Exercise. Print the line containing "Samsøe Samsøe - Anai" and all lines after it to the end of the records below, exactly as written. No pictures.

[Data under study — start]

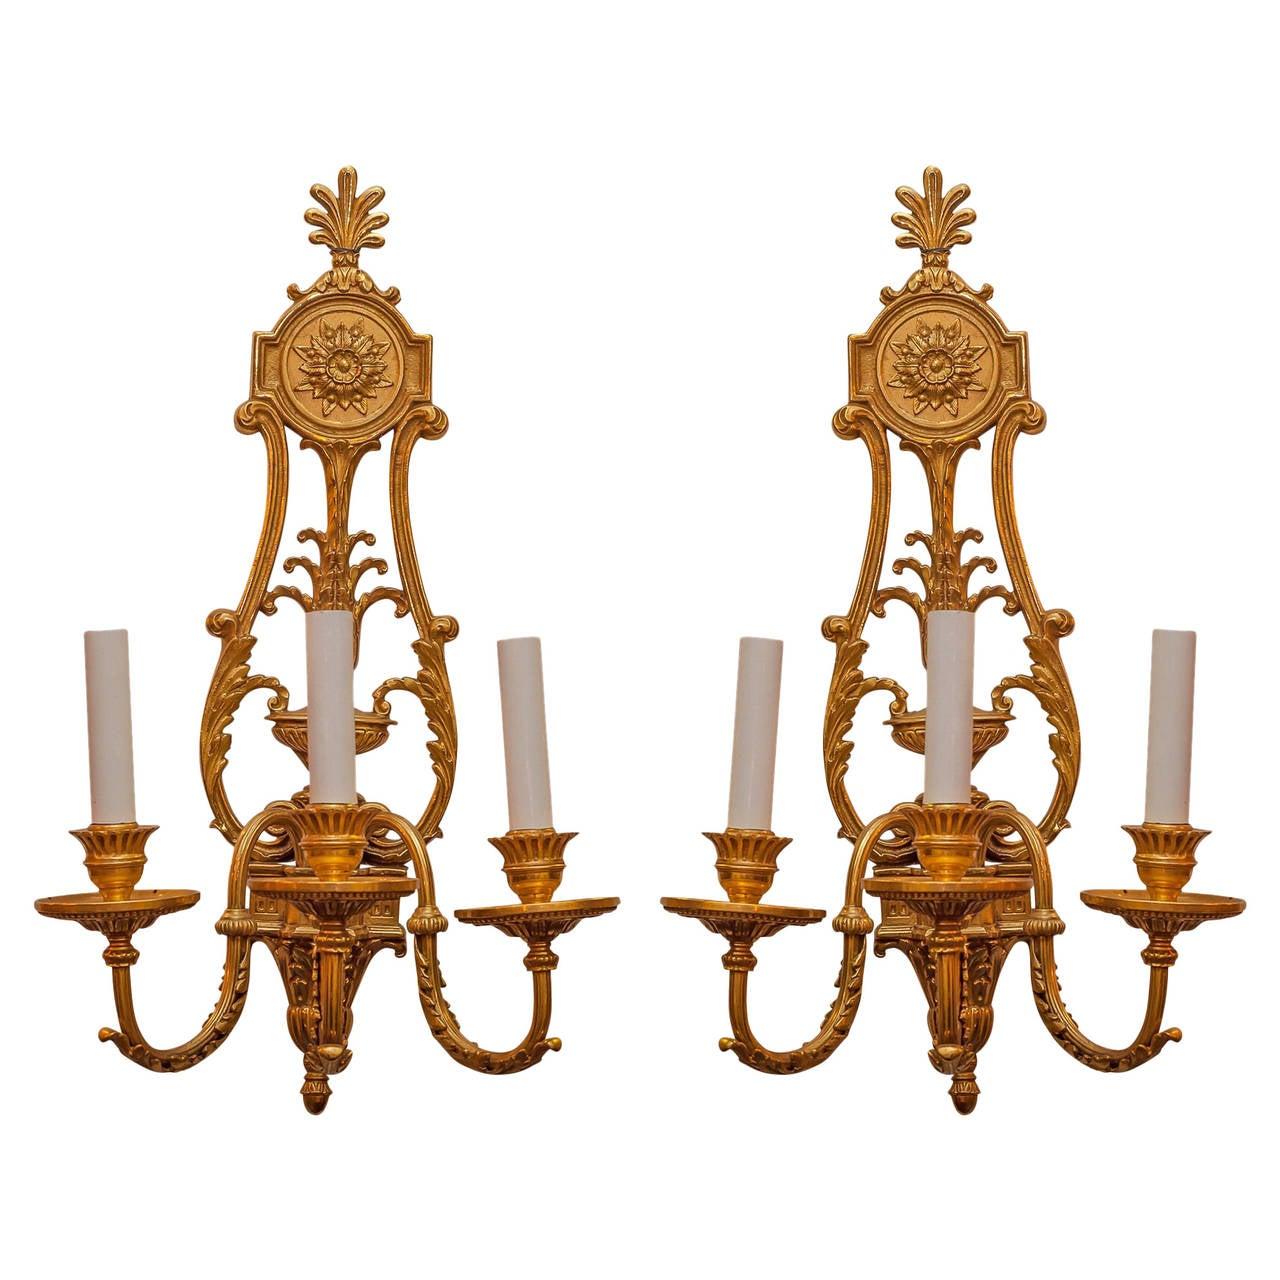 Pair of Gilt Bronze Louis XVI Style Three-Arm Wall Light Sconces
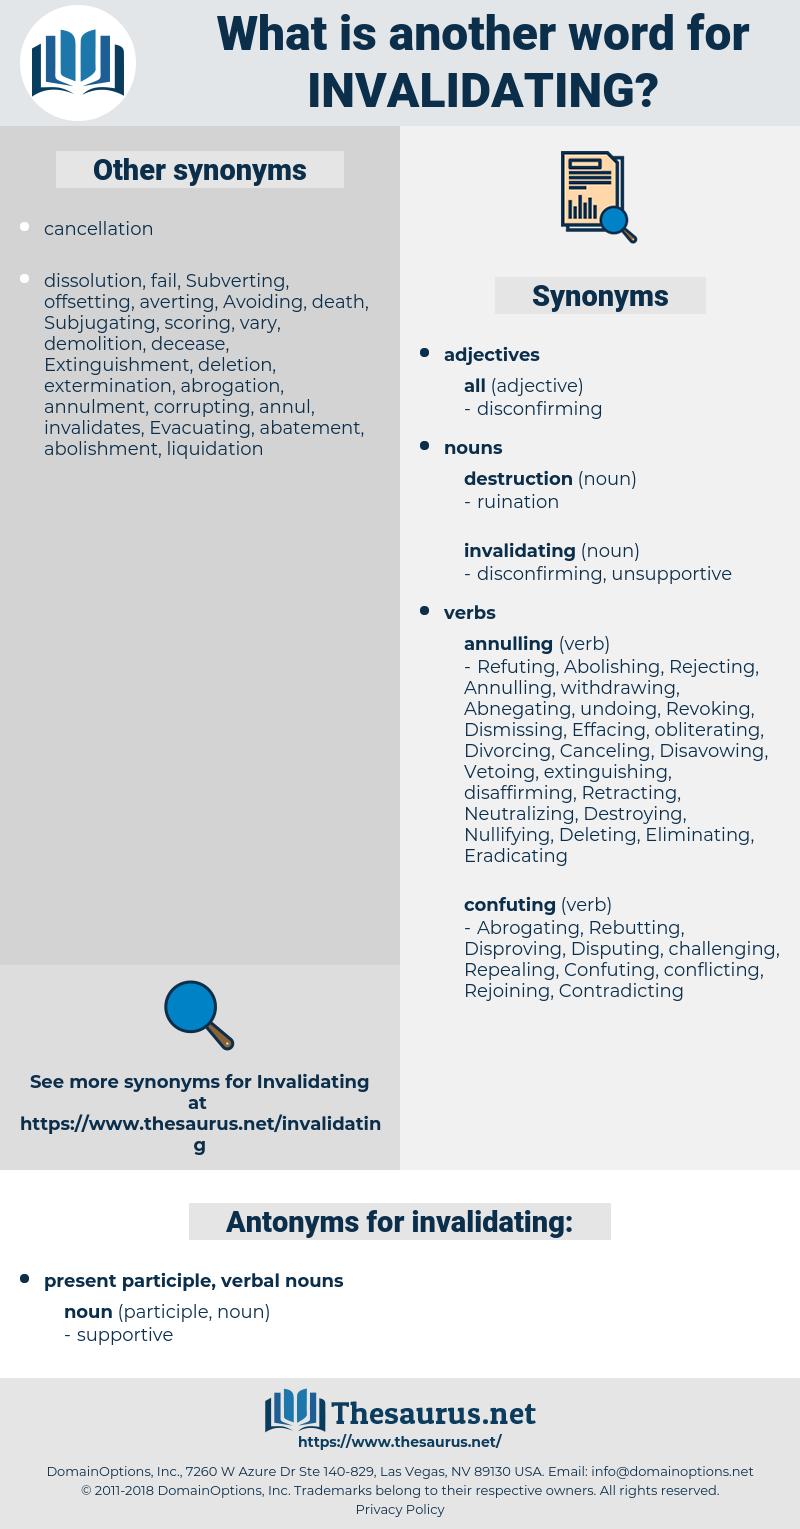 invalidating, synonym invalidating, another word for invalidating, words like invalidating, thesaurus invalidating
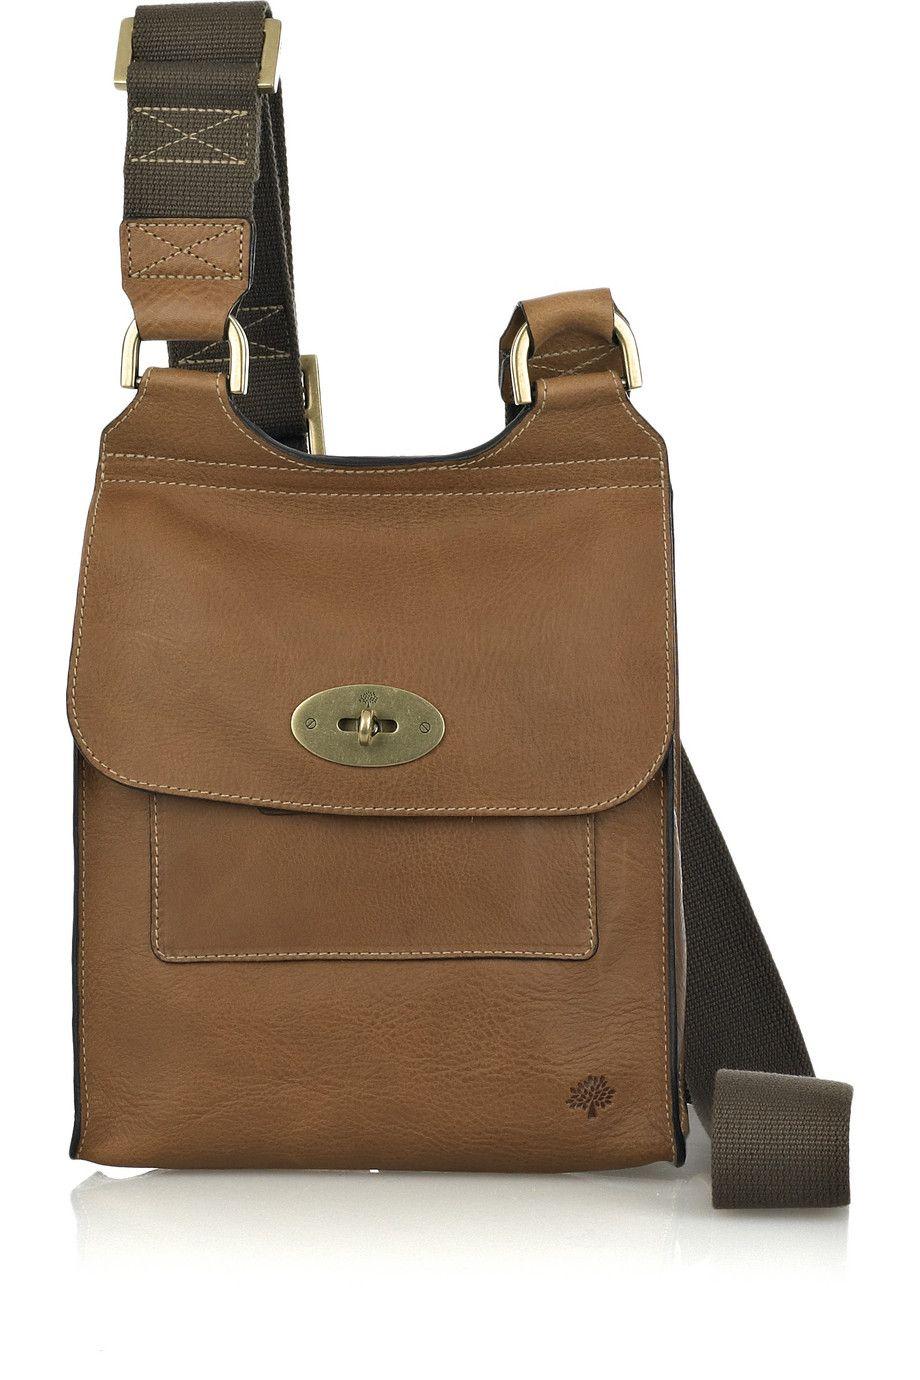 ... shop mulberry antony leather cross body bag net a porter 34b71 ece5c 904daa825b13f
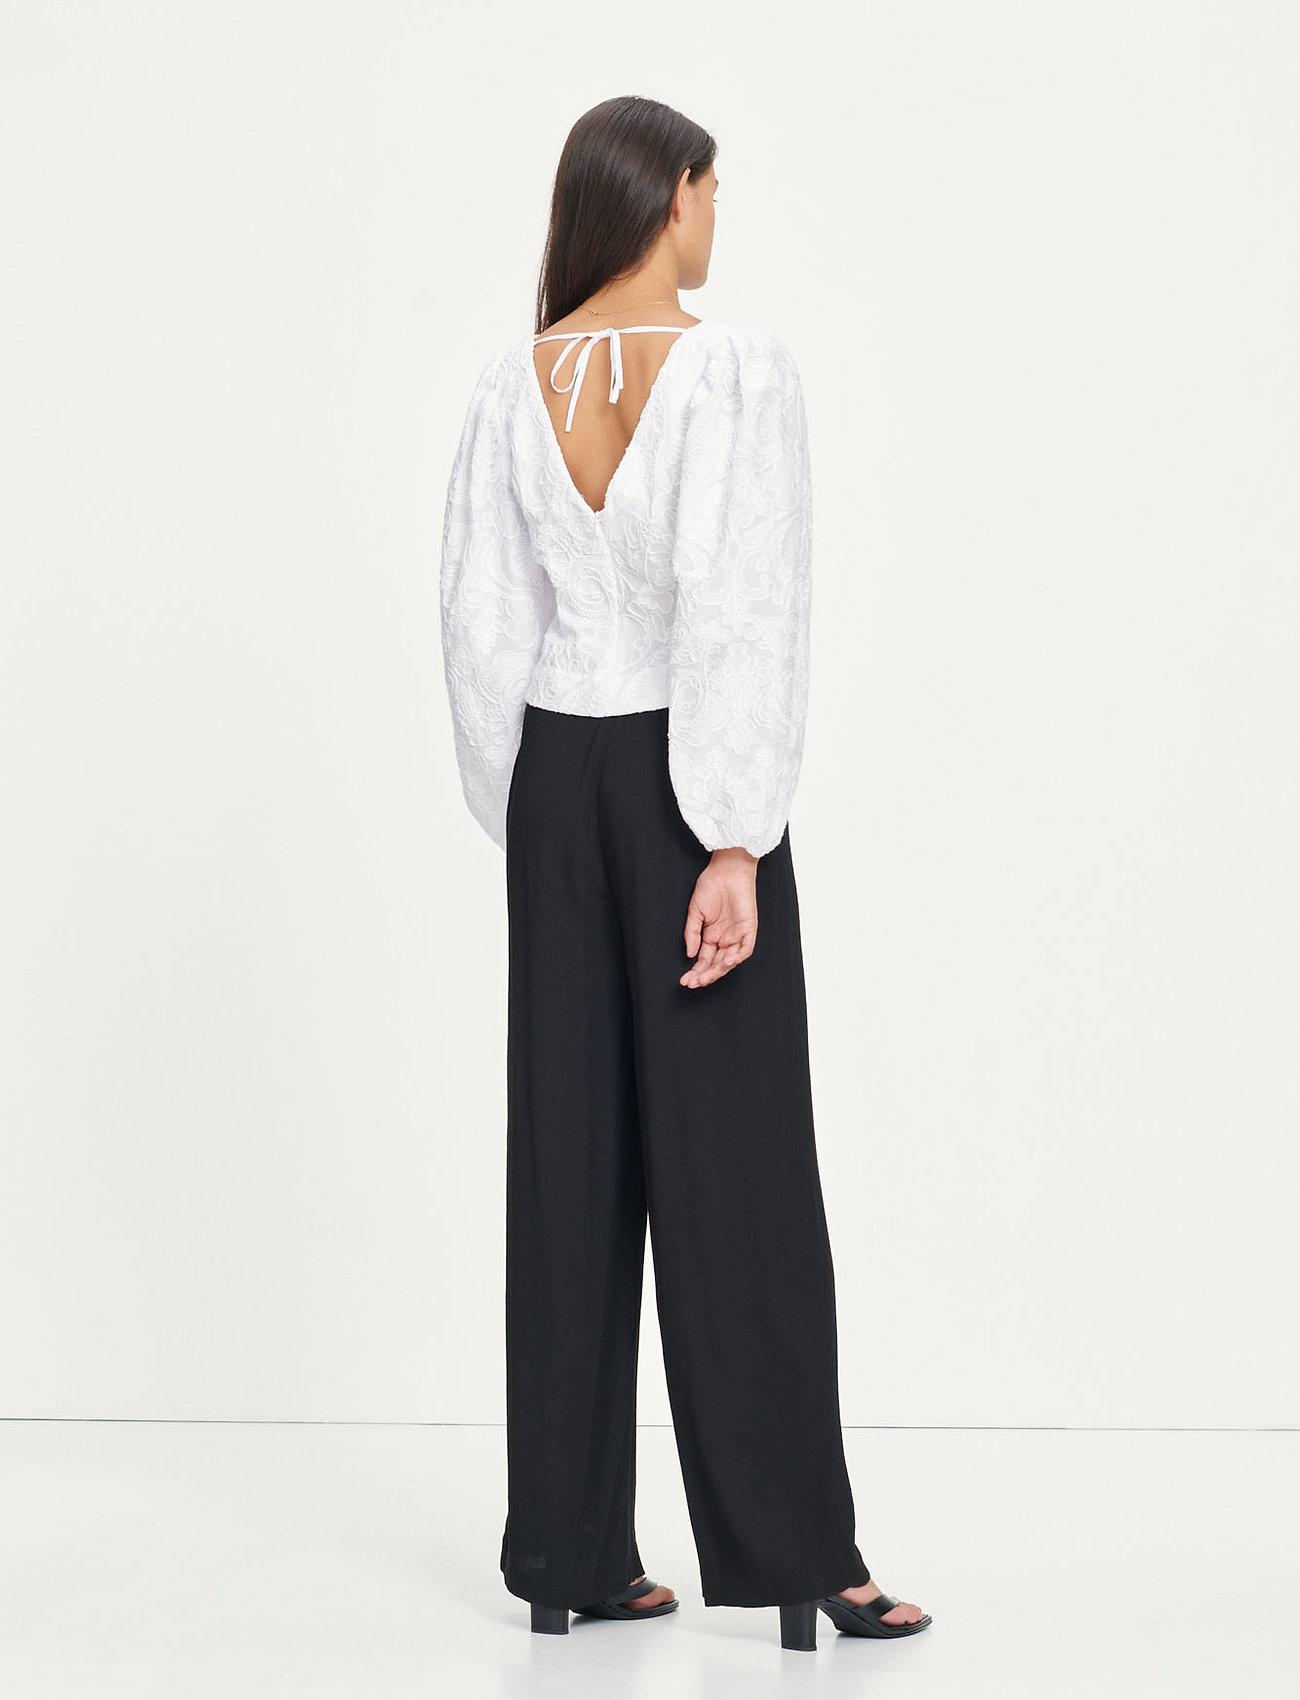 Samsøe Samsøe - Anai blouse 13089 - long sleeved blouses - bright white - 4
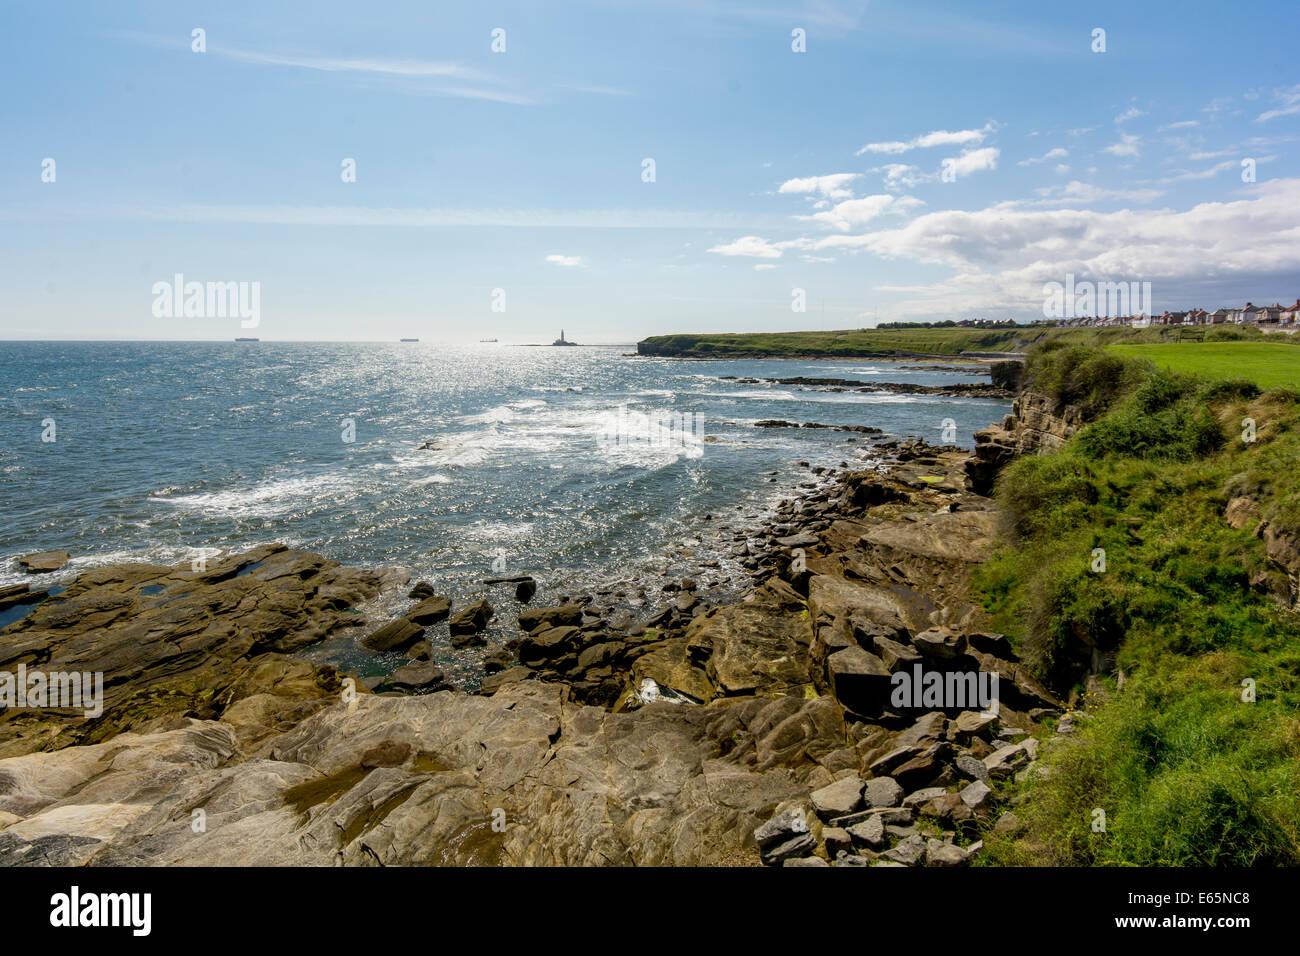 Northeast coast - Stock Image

[Data under study — finish]

Exercise output.
 Samsøe Samsøe - Anai blouse 13089 - long sleeved blouses - bright white - 4
 Northeast coast - Stock Image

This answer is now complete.